● **PROVIDED RECORDS**:
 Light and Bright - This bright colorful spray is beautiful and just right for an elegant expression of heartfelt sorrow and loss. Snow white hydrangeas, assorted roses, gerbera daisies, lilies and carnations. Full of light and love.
---
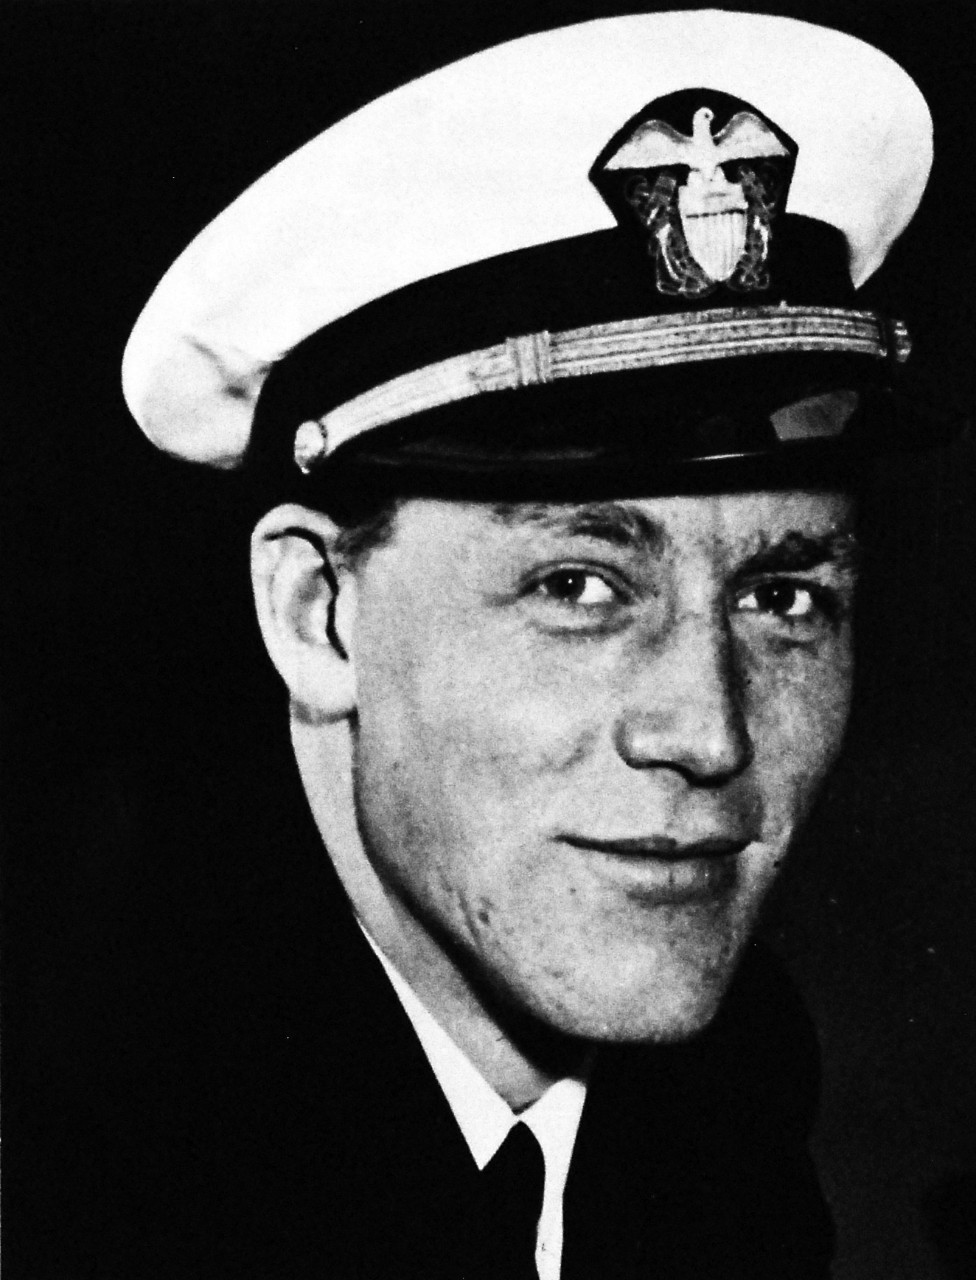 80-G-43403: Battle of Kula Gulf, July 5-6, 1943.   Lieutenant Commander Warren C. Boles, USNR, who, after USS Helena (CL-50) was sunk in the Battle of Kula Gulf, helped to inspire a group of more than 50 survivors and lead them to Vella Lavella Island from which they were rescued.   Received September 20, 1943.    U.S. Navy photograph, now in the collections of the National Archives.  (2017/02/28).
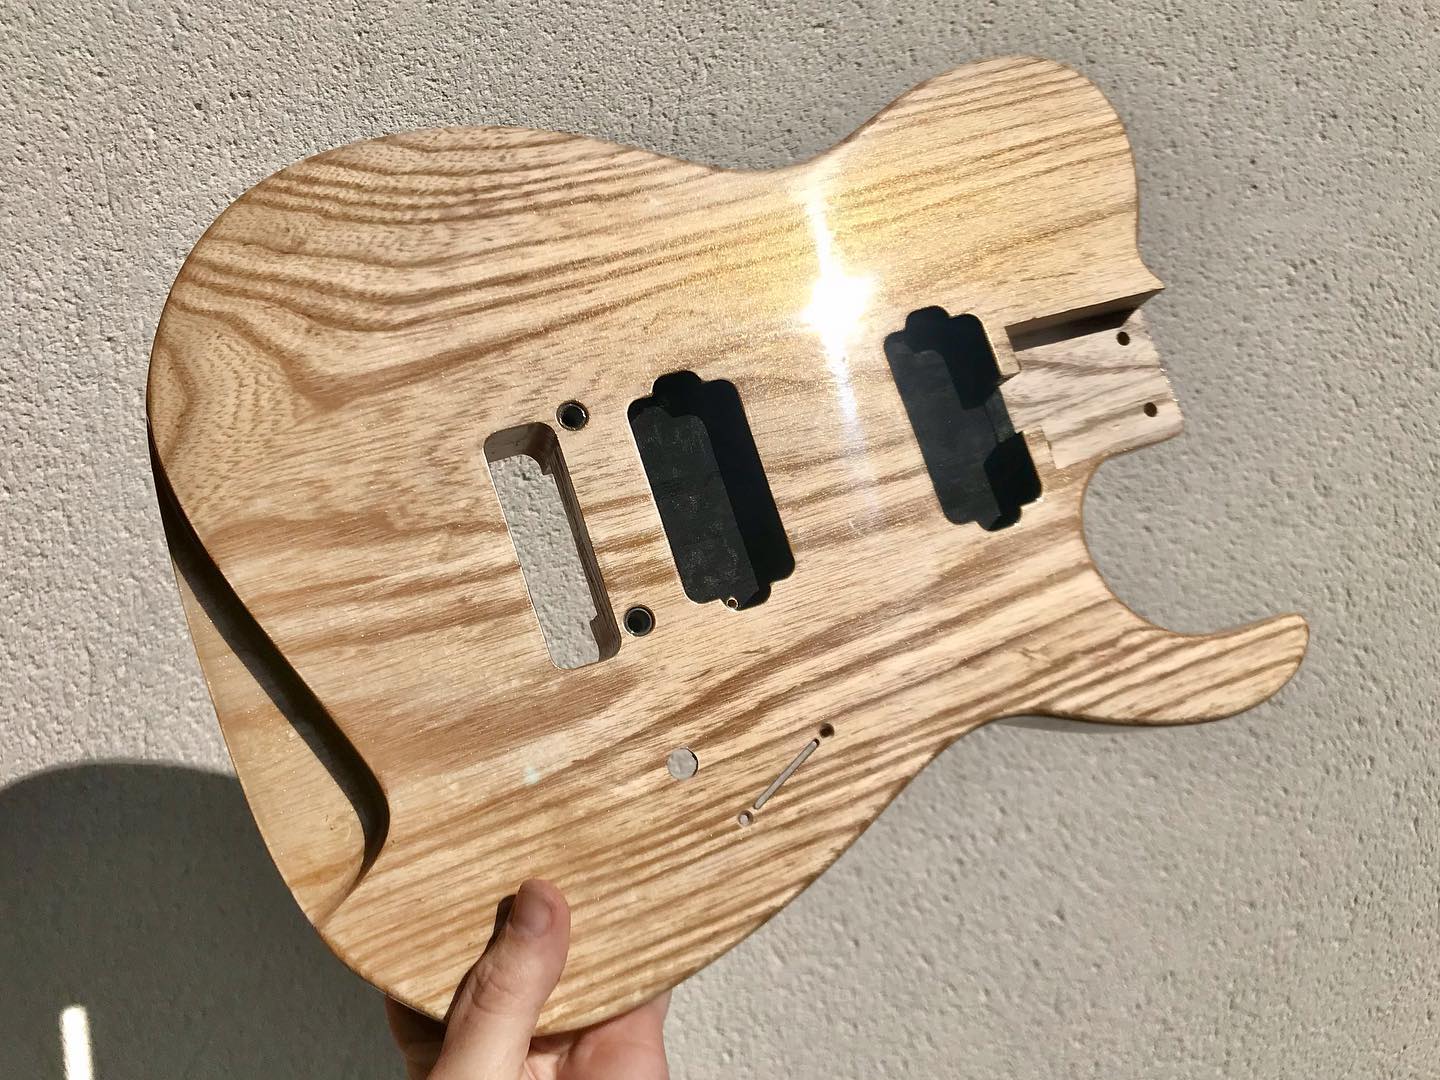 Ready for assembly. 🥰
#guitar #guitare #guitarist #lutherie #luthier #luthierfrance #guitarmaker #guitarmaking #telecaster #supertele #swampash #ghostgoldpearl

● **REQUIRED WORK**: Among the lines above, the one with "Ready for assembly. 🥰" opens the part to repeat and the one with "#guitar #guitare #guitarist" closes it; repeat only that part exactly, with no pictures.

● **RESPONSE BELOW**:
 Ready for assembly. 🥰
#guitar #guitare #guitarist #lutherie #luthier #luthierfrance #guitarmaker #guitarmaking #telecaster #supertele #swampash #ghostgoldpearl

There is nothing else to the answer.